CASH FLOWS FROM FINANCING ACTIVITIES:
  Other loan repayment                                                --                  --              (150,000)
  Advances from majority stockholder                               127,842             932,829           1,815,219
                                                                ----------          ----------          ----------

     Net cash provided by financing activities                     127,842             932,829           1,665,219
                                                                ----------          ----------          ----------

EFFECT OF EXCHANGE RATE CHANGES ON CASH                               (317)             (2,227)                969
                                                                ----------          ----------          ----------

NET (DECREASE) INCREASE IN CASH                                    (19,371)           (136,026)              8,550

CASH, beginning of period                                           27,140             190,579             200,238
                                                                ----------          ----------          ----------

CASH, end of period                                                  7,769              54,553             208,788
                                                                ==========          ==========          ==========


                                    See accompanying notes to these consolidated financial statements
                                                                 Page 6







                       COL CHINA ONLINE INTERNATIONAL INC.
              NOTES TO CONDENSED CONSOLIDATED FINANCIAL STATEMENTS


1.       Company Organization and Operations
         -----------------------------------

         Nature of Operations - COL China Online International Inc. ("COL
         International" or the "Company") was incorporated as a Delaware
         corporation on February 22, 2000, for the purpose of acquiring and
         conducting the engineering services and the internet related business
         of Migration Developments Limited, a British Virgin Islands company
         ("Migration") and raising equity capital to be utilized in the business
         of Migration. Migration held a 90% equity interest in Shenzhen
         Knowledge & Communication Co. Ltd. which was a Sino-foreign equity
         joint venture (the "Joint Venture") in the People's Republic of China
         ("PRC"). Beginning in approximately January 2004, the Company focused
         its business on internet and telecommunication convergence solutions
         and customer-specific solutions for the retail industry until November
         23, 2007 when its board of directors resolved to cease the operations
         of such business due to the expiration of the Joint Venture's business
         license on December 10, 2007. Such business was the only business that
         the Company operated in the last two fiscal years. The Company has been
         in an inactive or non-operating status since November 23, 2007 and
         currently remained as a shell company with its only activities of
         incurring and seeking a merger candidate.
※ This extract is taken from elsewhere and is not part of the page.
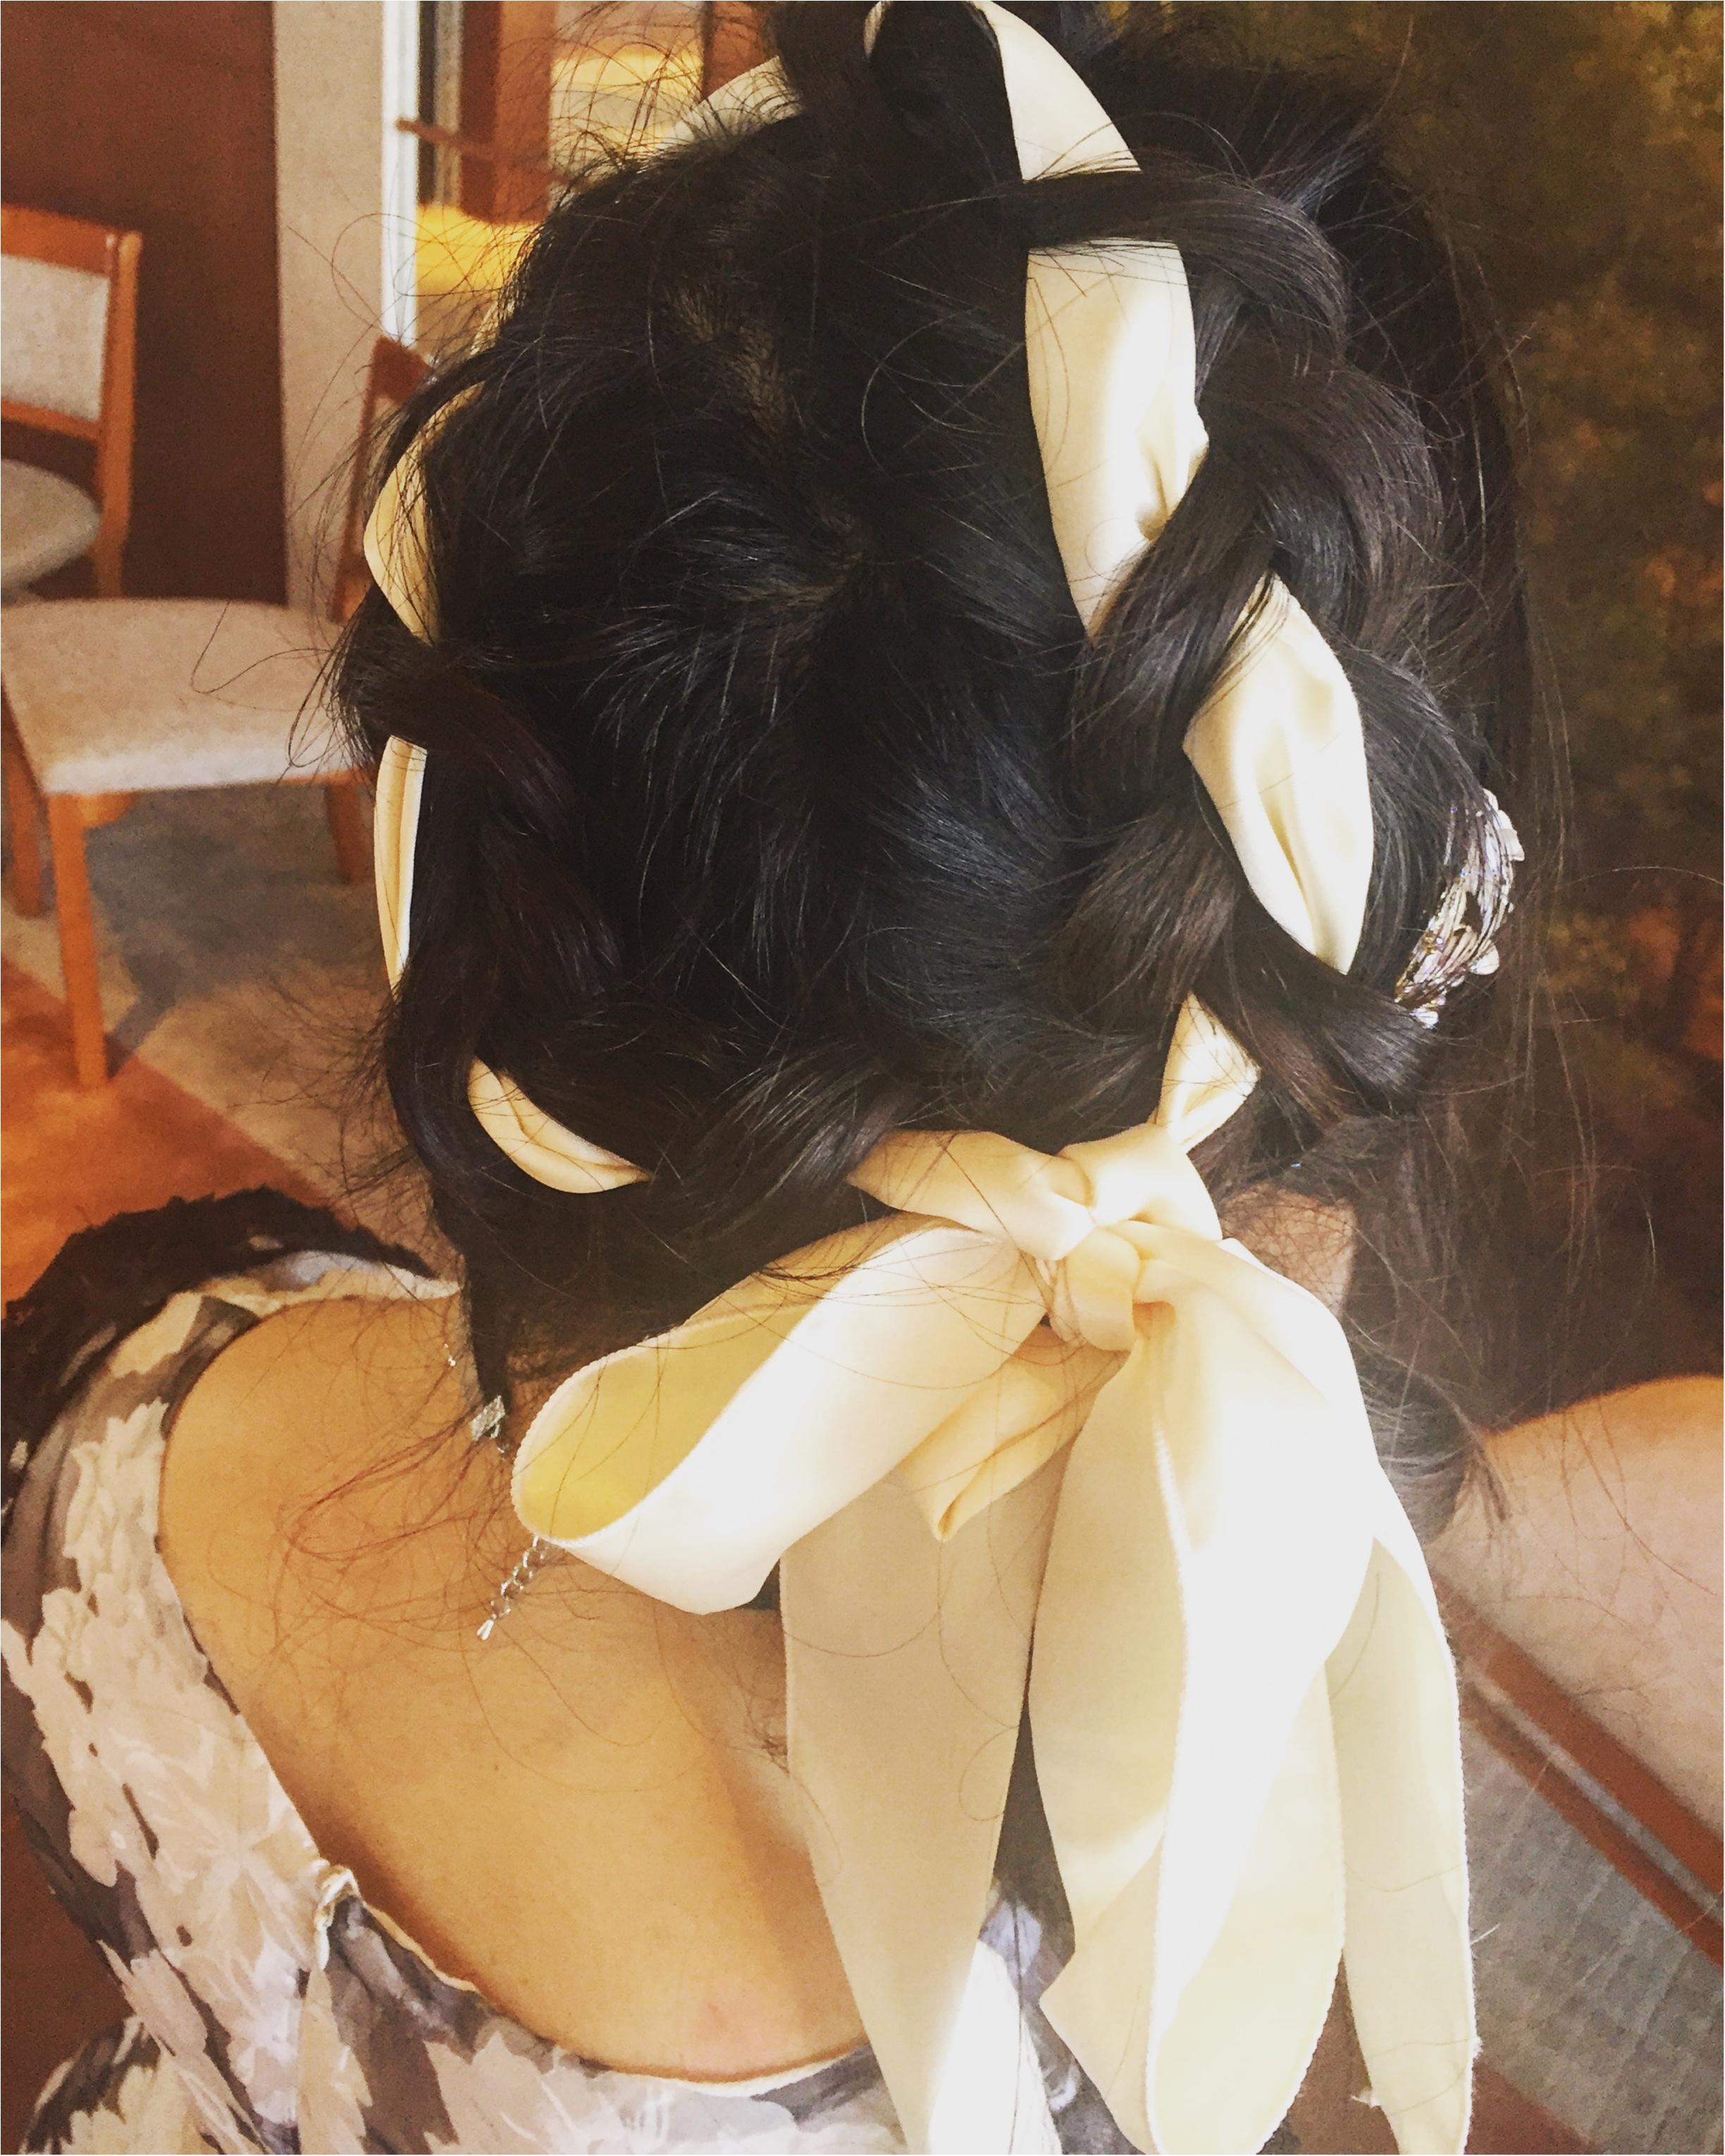 【Party Hair】リボンを使った編み込みアップヘア♡vif art新宿店なら¥2,500でヘアセットできちゃう✨≪samenyan≫_1

2.       Basis of Presentation
         ---------------------

         The accompanying consolidated financial statements have been prepared
         assuming COL International will continue operating as a going concern.
         In view of the above-mentioned discontinued operation, COL
         International's ability to continue as a going concern is dependent
         upon several factors, including, but not limited to, continued
         financial support by the majority stockholder, the realization of
         assets and liquidation of liabilities that would not result in a
         substantial deficit, the successfulness of a possible business
         combination and whether the post-combination business would be able to
         achieve and maintain profitable operations and to raise additional
         capital. The accompanying consolidated financial statements do not
         include any adjustments that might result from the outcome of these
         uncertainties.

         COL International is confident that its majority stockholder, Honview
         International Limited, will continue to provide funding during the
         forthcoming year.

         The unaudited condensed consolidated financial statements have been
         prepared by the Company, pursuant to the rules and regulations of the
         Securities and Exchange Commission (the "SEC"). Certain information and
         footnote disclosures normally included in financial statements prepared
         in accordance with generally accepted accounting principles have been
         omitted pursuant to such SEC rules and regulations; nevertheless, the
         Company believes that the disclosures are adequate to make the
         information presented not misleading. These financial statements have
         been prepared on the same basis as the annual financial statements.
         These financial statements and the notes hereto should be read in
         conjunction with the financial statements and notes thereto included in
         the Company's Annual Report on Form 10-KSB for the year ended June 30,
         2007 which was filed on September 28, 2007 and subsequently amended on
         October 2, 2007. In the opinion of the directors, all adjustments,
         including normal recurring adjustments necessary to present fairly the
         financial position of the Company as of March 31, 2008 and the results
         of its operations and cash flows for the three-month and nine-month
         period then ended, have been included. The results of operations for
         the interim period are not necessarily indicative of the results for
         the full year.


                                     Page 7





         The amounts included in the financial statements are presented in
         Renminbi ("Rmb") which is COL International's functional currency,
         because COL International's operations are primarily located in the
         PRC. For illustrative purposes, (i) the condensed consolidated balance
         sheet as at March 31, 2008 have been translated into US dollars at
         approximately 7.022 Rmb to the dollar, which was the exchange rate at
         March 31, 2008; and (ii) condensed consolidated statement of operations
         for the three months and nine months ended March 31, 2008 and condensed
         consolidated statement of cash flows for the nine months ended March
         31, 2008 have been translated into US dollars at the prevailing
         exchange rates during the respective quarters.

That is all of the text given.